As I shared all this, I also knew why this was all coming up. As I thought about and dreamed about and talked about ballet, all the old dirt was coming up. The ballet classes where I’ve dissolved into tears, at the age of twenty-one, because I knew my ballet teacher wasn’t seeing how hard I was trying and even how I was improving and I was certain it was because of the way I was built. The disappointment I’ve felt when we’ve been learning a ballet piece and the joy I felt doing it and the feeling that I was doing well until I was told I’d enter later, in the last minute of the dance, with the other “modern dancers”. I laughed and pretended I was totally okay with that even though I felt crushed. And I knew I’d experience more of that as I pursued my passion for ballet.

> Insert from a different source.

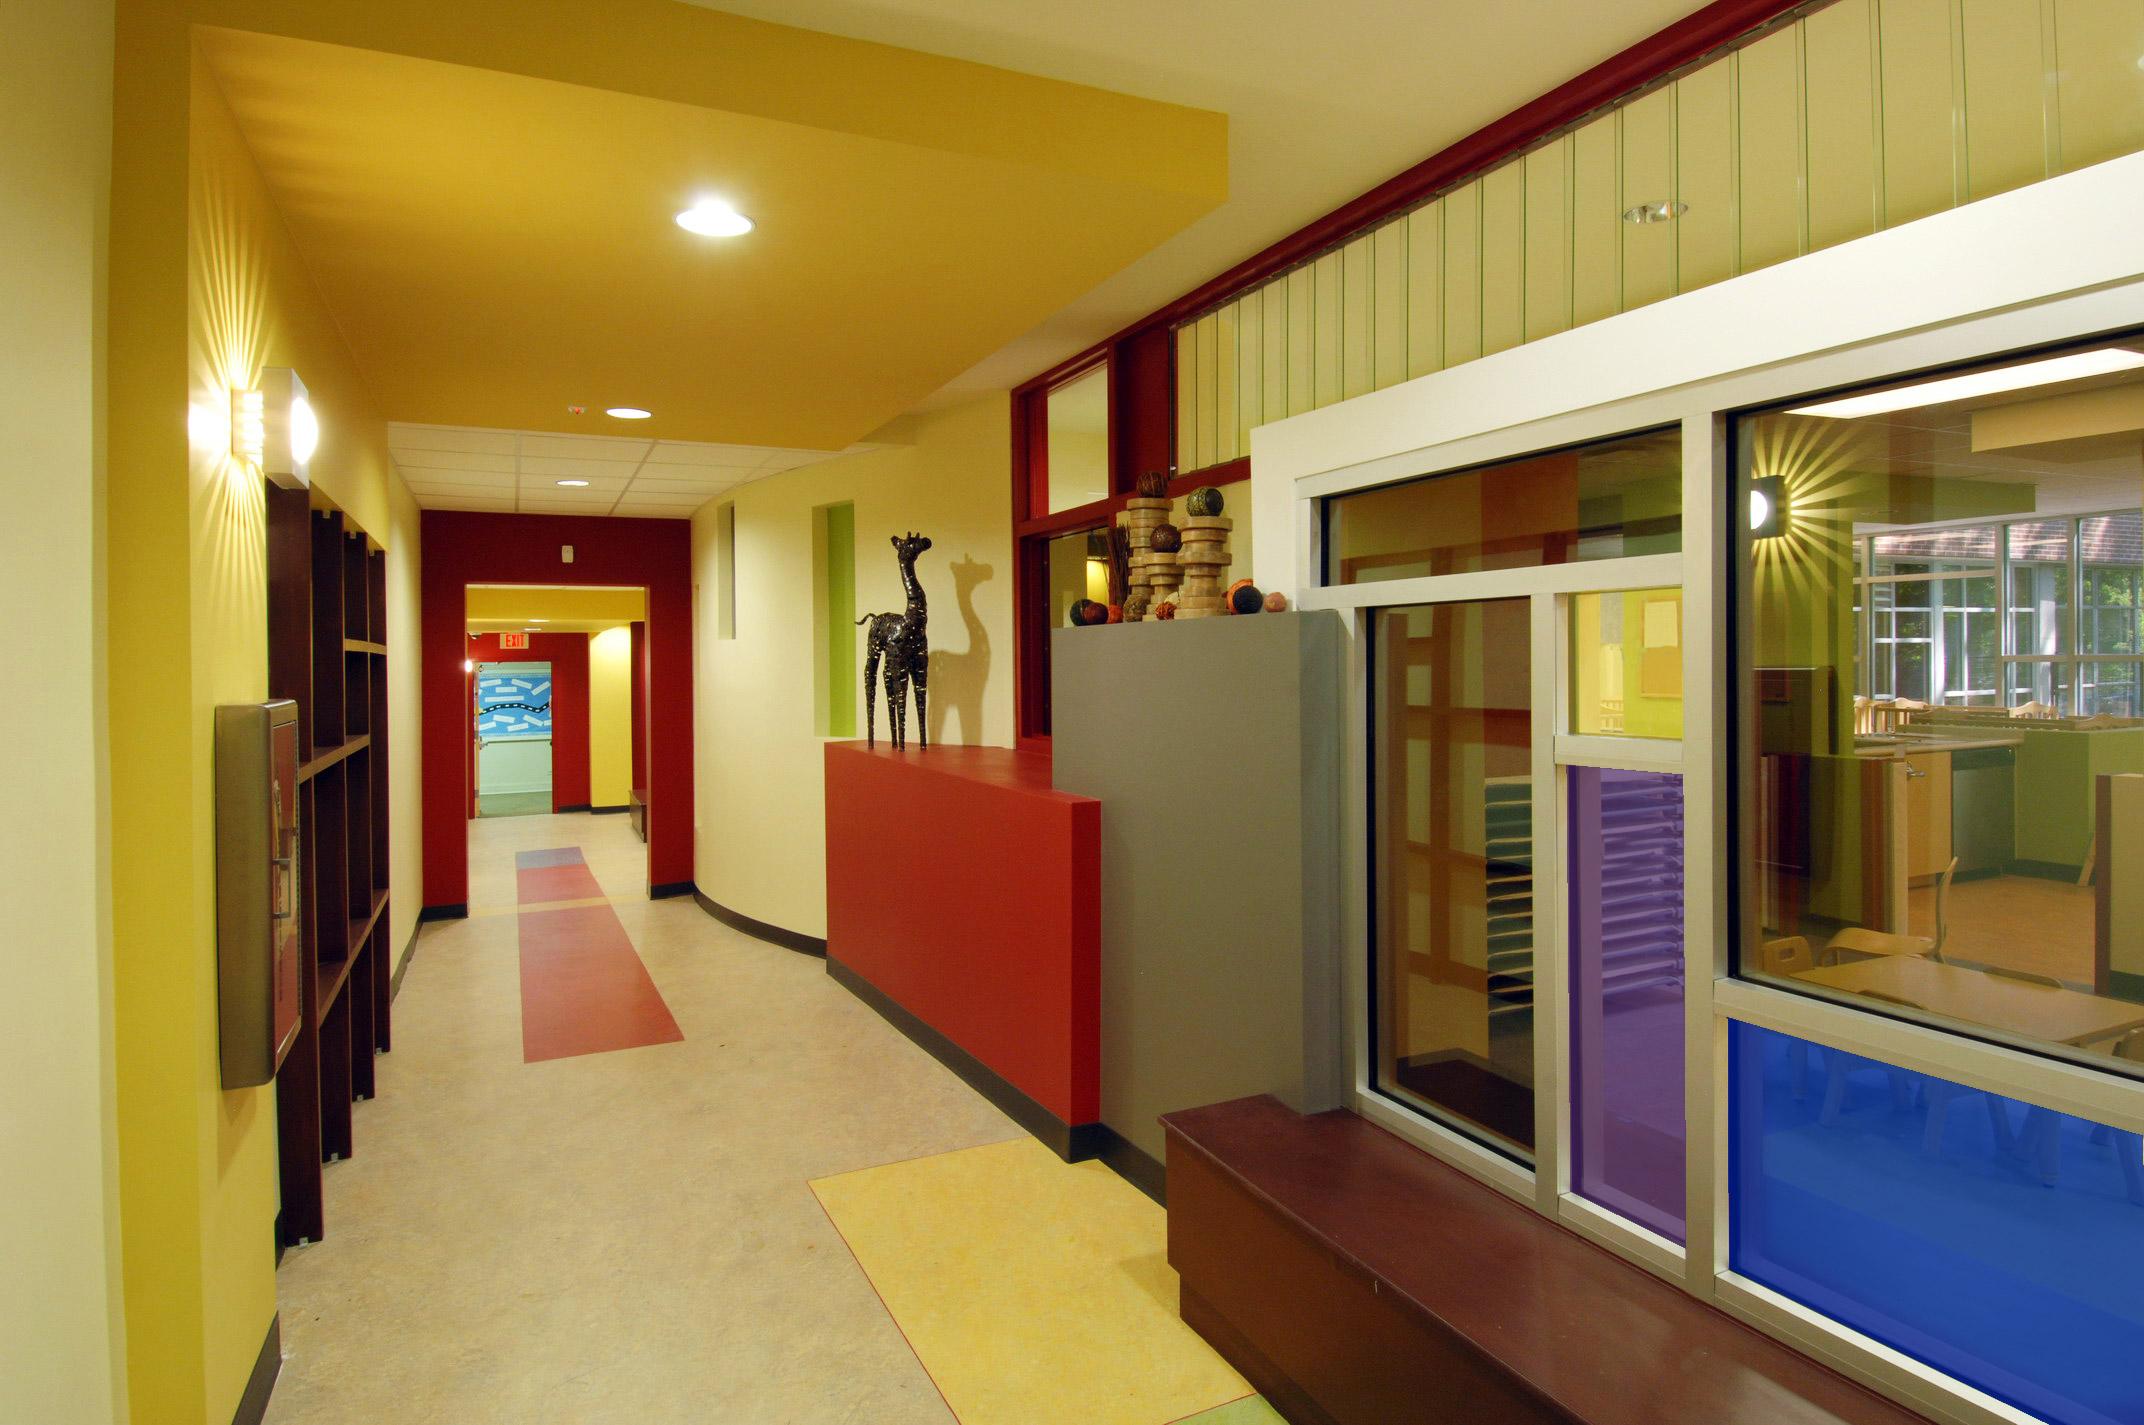 SuzukiSchool_Hallway.jpg

As I poured out my heart Tommy reminded me of a young dancer I met this past summer and an emotional conversation we had with her. She told us of all the ridicule she got for wanting to dance, even from her parents. That it was a waste of time because she didn’t have a “dancer’s body”. She reminded me so much of me, a spirited, curvy young girl. There’s much temptation to want to have an “I’ll show them” attitude but that gets exhausting. I told this sweet girl, with tears streaming down my face,  that her, and her body, were capable of dancing beautifully. That no one could tell her that she couldn’t do it. That even when her own parents didn’t come to her shows that she had a heavenly Father who was watching her with so much pride and joy and tears in his eyes. That he put the passion to dance in her and no one should tell her otherwise.

Here I was needing to hear the same words. I knew the only way I could be free to dance was if I believed that truly, for myself. To not compare myself to others, to not despise certain parts of my physique. To embrace the fact that I am uniquely and wonderfully made and that while I can’t pull of a certain type of pants there are other things I can rock that others can’t. And neither body type is better. It’s beautiful the diversity that surrounds us on so many levels. It’s time we embrace it and lose our shame and be free to be what we were created to be.